Question

On the interval $I=[-2,2]$, the function $f\left(x\right)=(x+1)\exp \left[\right(-1\left)(\frac{1}{|x|}+\frac{1}{x})\right]$ for $(x\ne 0)$,

then which one of the following does not hold good for $f\left(x\right)$?

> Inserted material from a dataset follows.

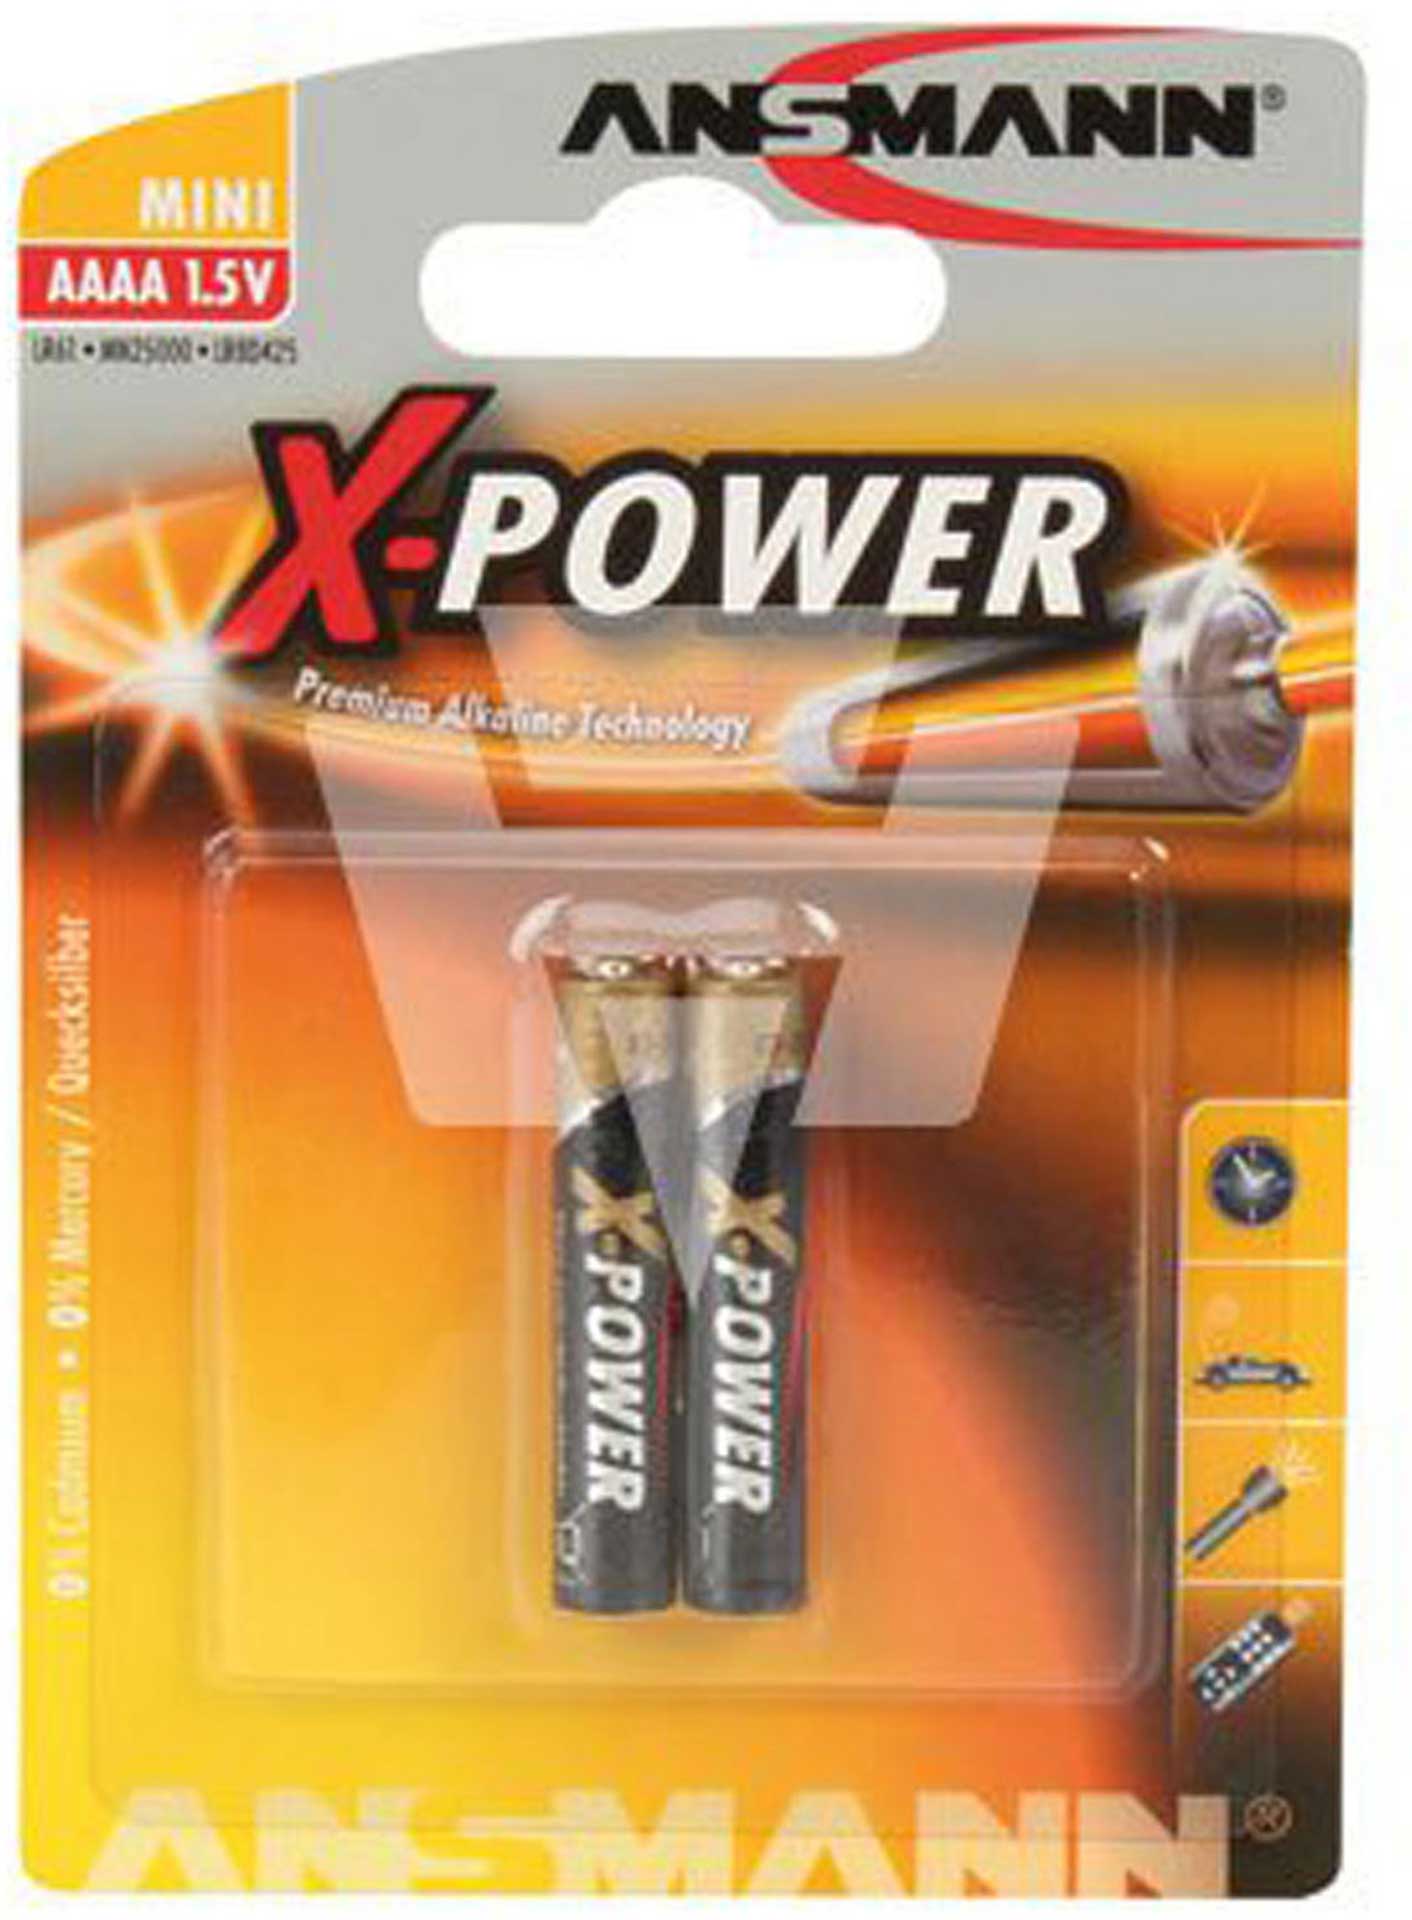 ANSMANN AAAA X-POWER ALKALINE BATTERY 2PCS.  LR8, LR8D425, R8D425, LR61, E96, MX2500, V4004, V4761, MN2500, 25A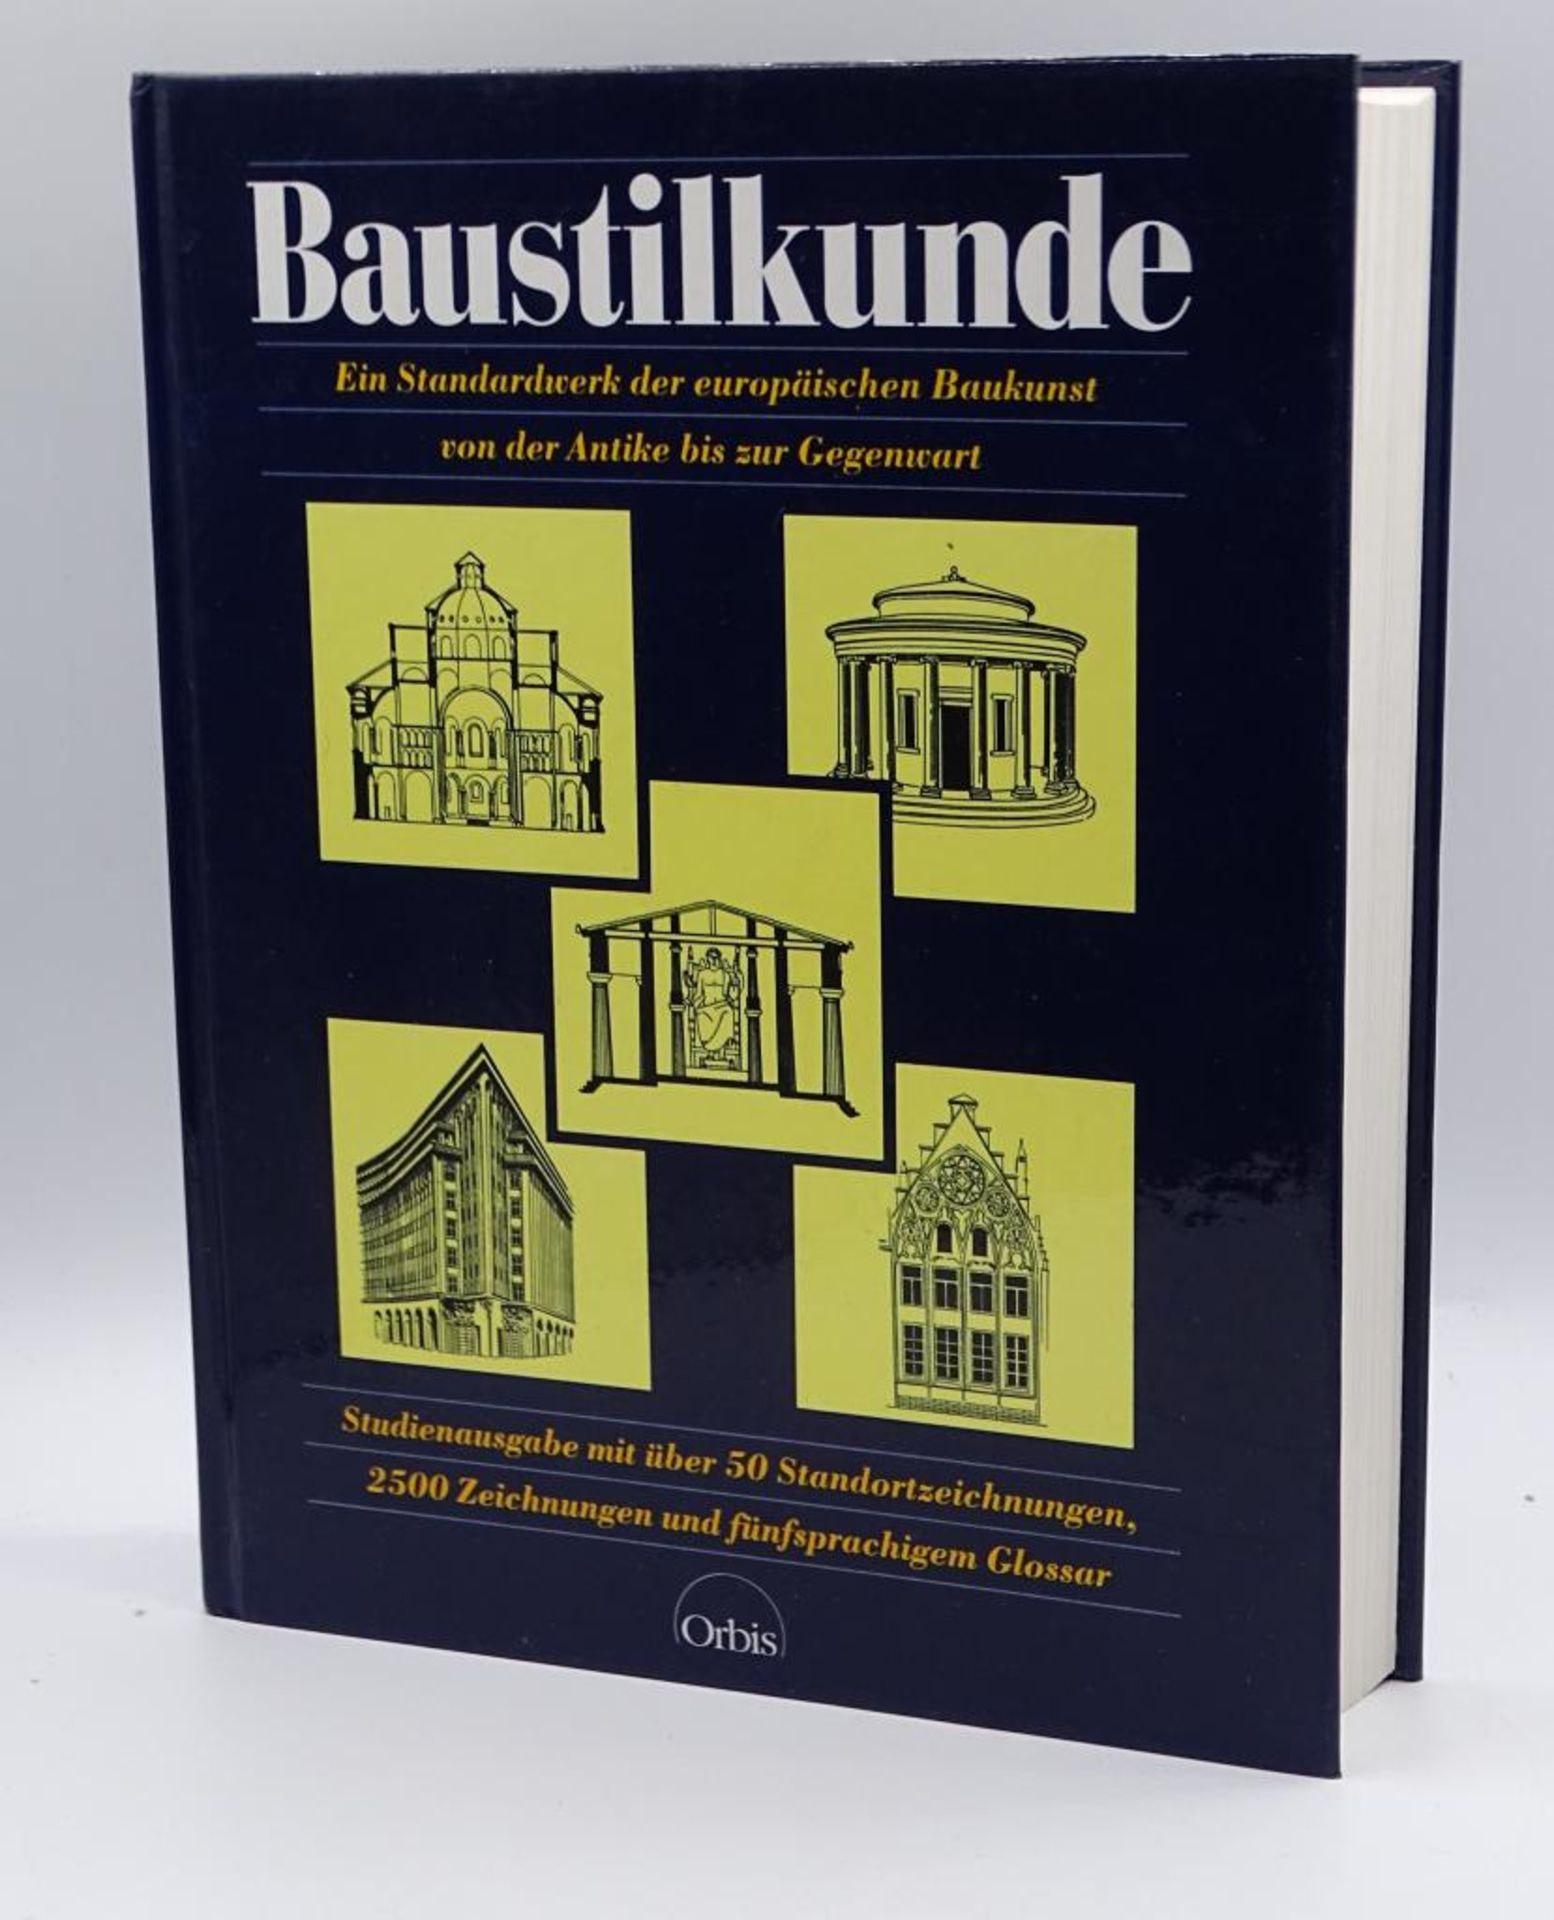 "Baustilkunde",Ein Standardwerk der europäischen Baukunst von der Antike bis zur Gegenwart", 2500

• A. is continuous for the values of $xϵI$
• B. is continuous for $x\in I-\left\{0\right\}$
• C. assumes all intermediate values from $f(-2)$ & $f\left(2\right)$
• D. has maximum value equal to $\frac{3}{e}$

Answer 1

The correct option is A is continuous for the values of $xϵI$

Given $f\left(x\right)=(x+1)e^{-[\frac{1}{|x|}+\frac{1}{x}]},x\ne 0$

$f\left(x\right)=(x+1)e^{-[\frac{1}{-x}+\frac{1}{x}]}=x+1,-2<x<0$

$f\left(x\right)=(x+1)e^{-\frac{2}{x}},0\le x<2$

We will check the continuity at $x=0$

$RHL={lim}_{x\to 0^{+}}f\left(x\right)={lim}_{x\to 0^{+}}(x+1)e^{-2/x}=0$

$LHL={lim}_{x\to 0^{-}}f\left(x\right)={lim}_{x\to 0^{-}}(x+1)=1$

$f\left(x\right)$ is not continuous at $x=0$.

Clearly, $f\left(x\right)$ is defined for all $x\in [-2,2]$

Now,

$f^{\prime }\left(x\right)=e^{-\frac{2}{x}}(1+\frac{2x+2}{x^2})$

For $x>0,\frac{2x+2}{x^2}$

$\Rightarrow f^{\prime }\left(x\right)>0$

So, $f\left(x\right)$ is monotonic increasing in the interval. Hence, maximum occurs at end points

$f(-2)=1-2=-1$

$f\left(2\right)=(1+2)e^{-1}=\frac{3}{e}$

Hence, maximum value is $\frac{3}{e}$